--- Data to use Enclosed Below ---

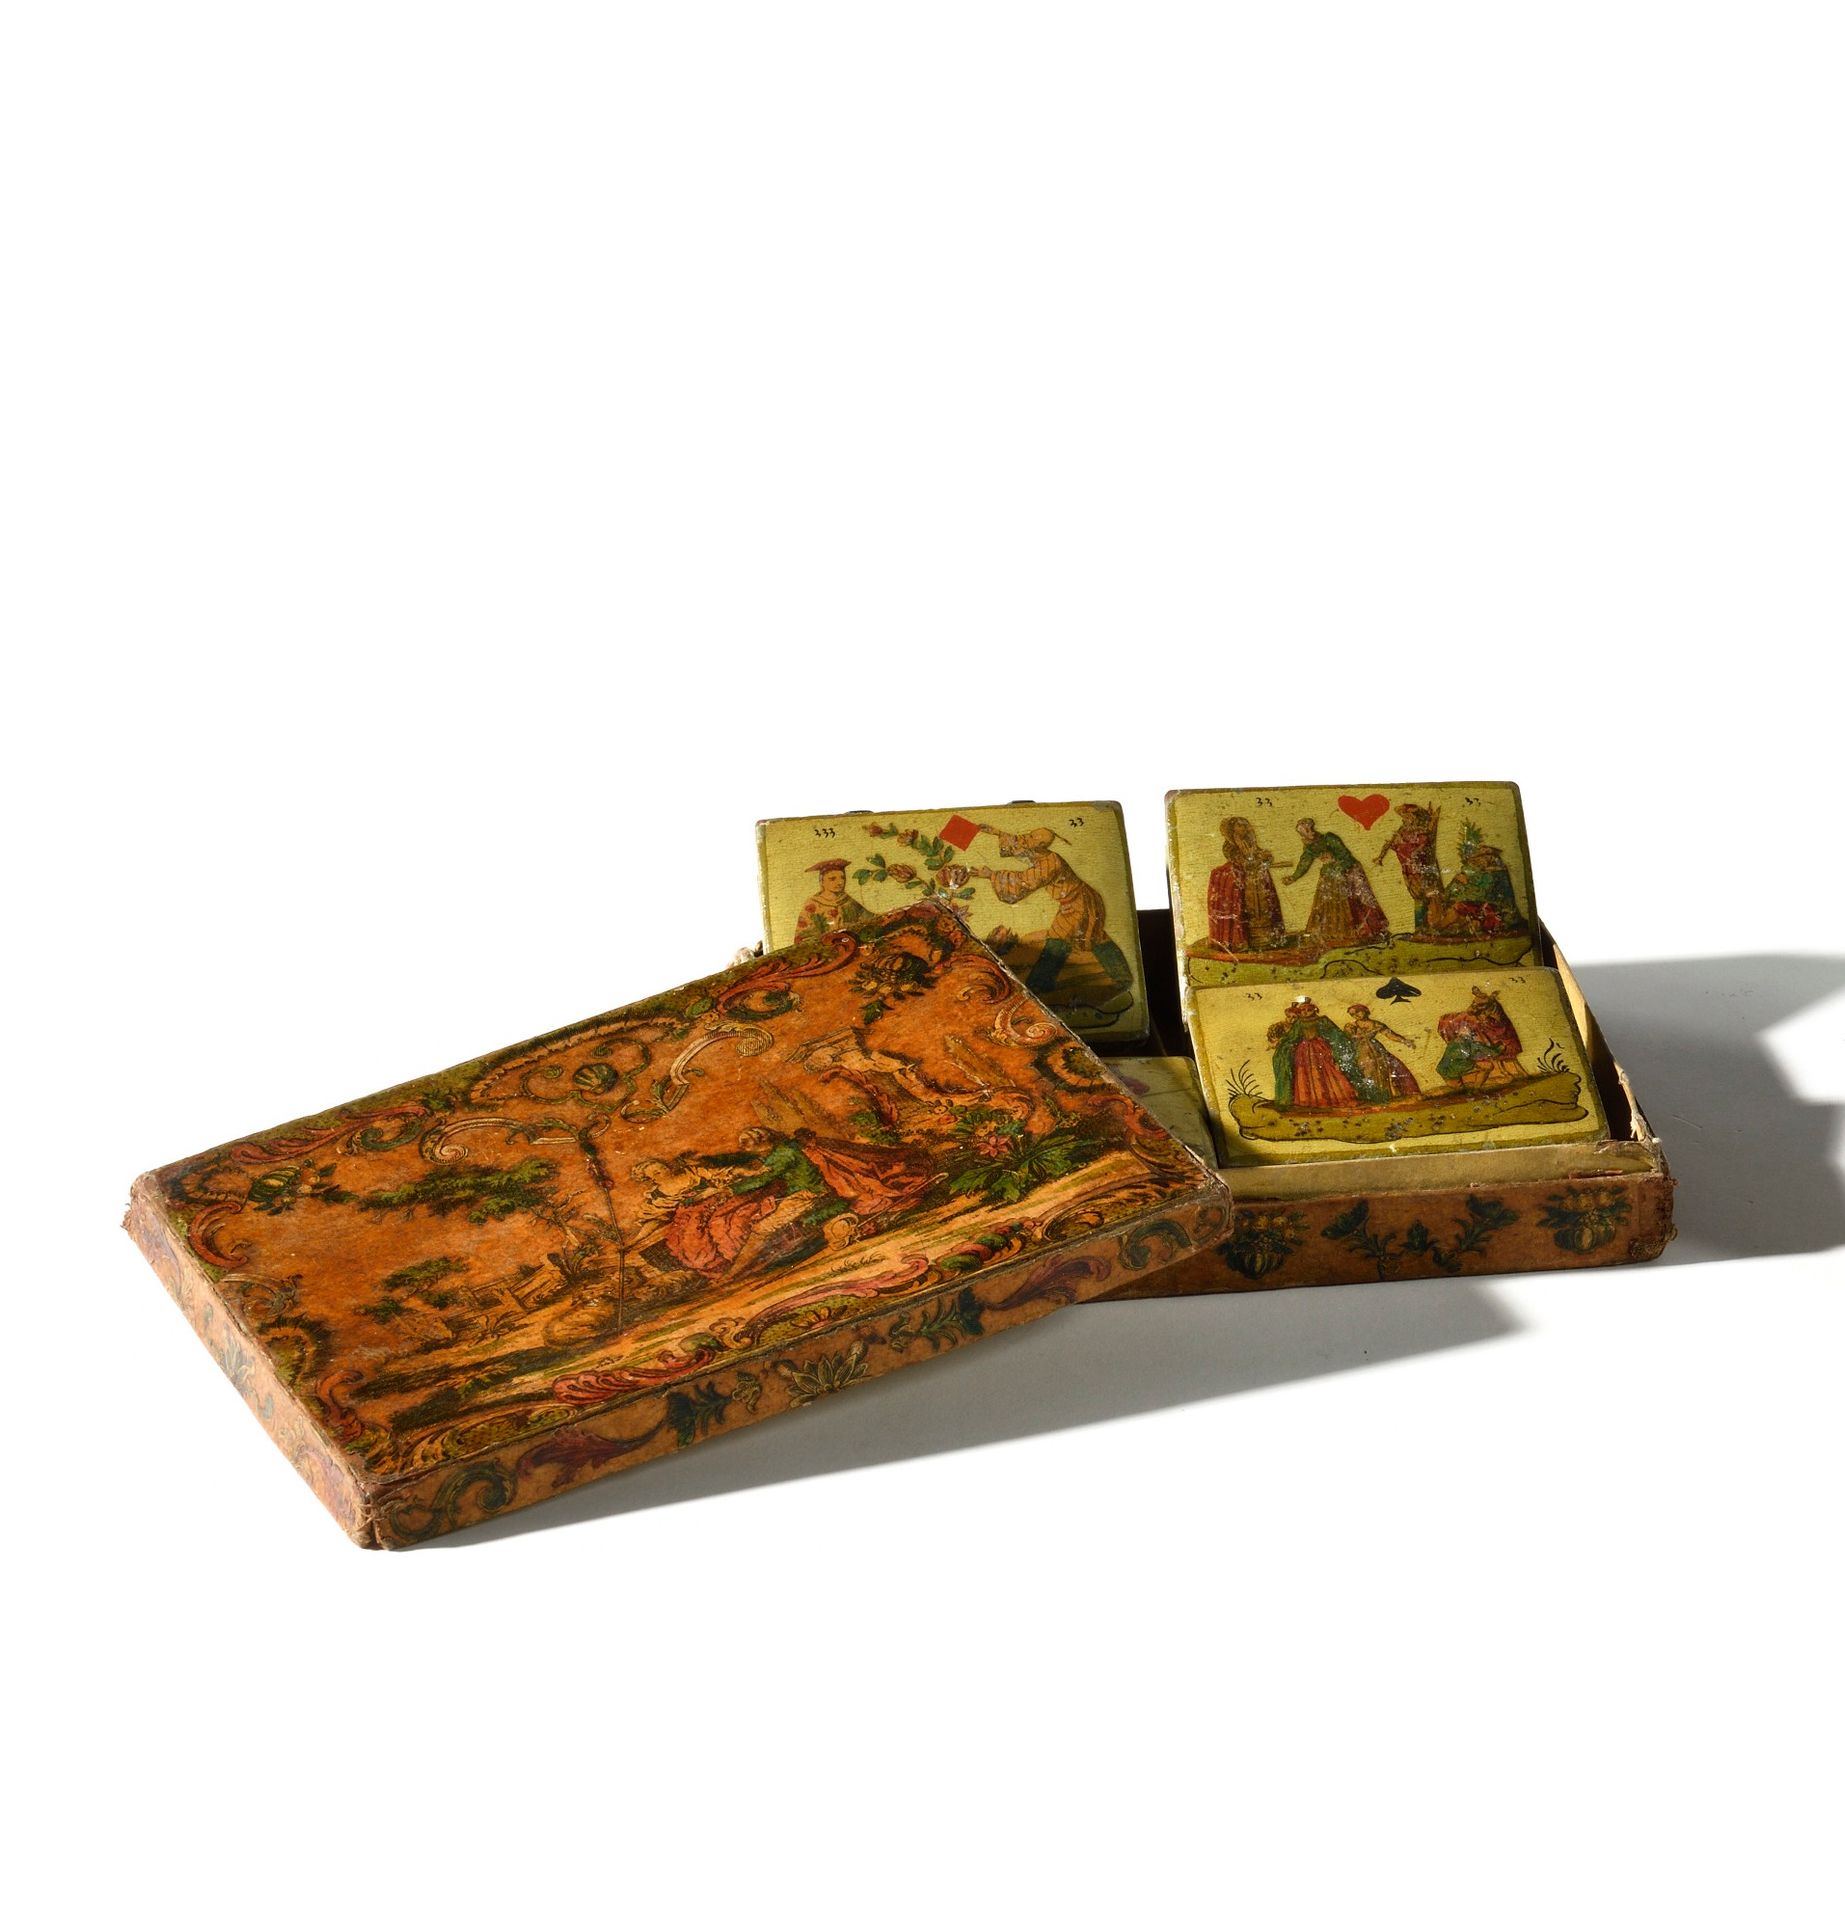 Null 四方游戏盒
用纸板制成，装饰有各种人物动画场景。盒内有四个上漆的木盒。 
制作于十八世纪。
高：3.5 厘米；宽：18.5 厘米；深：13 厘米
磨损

--- End of Enclosed Data to use ---

Repeat the records above word for word, keeping no pictures in the copy.

Response to the exercise:
 Null 四方游戏盒
用纸板制成，装饰有各种人物动画场景。盒内有四个上漆的木盒。 
制作于十八世纪。
高：3.5 厘米；宽：18.5 厘米；深：13 厘米
磨损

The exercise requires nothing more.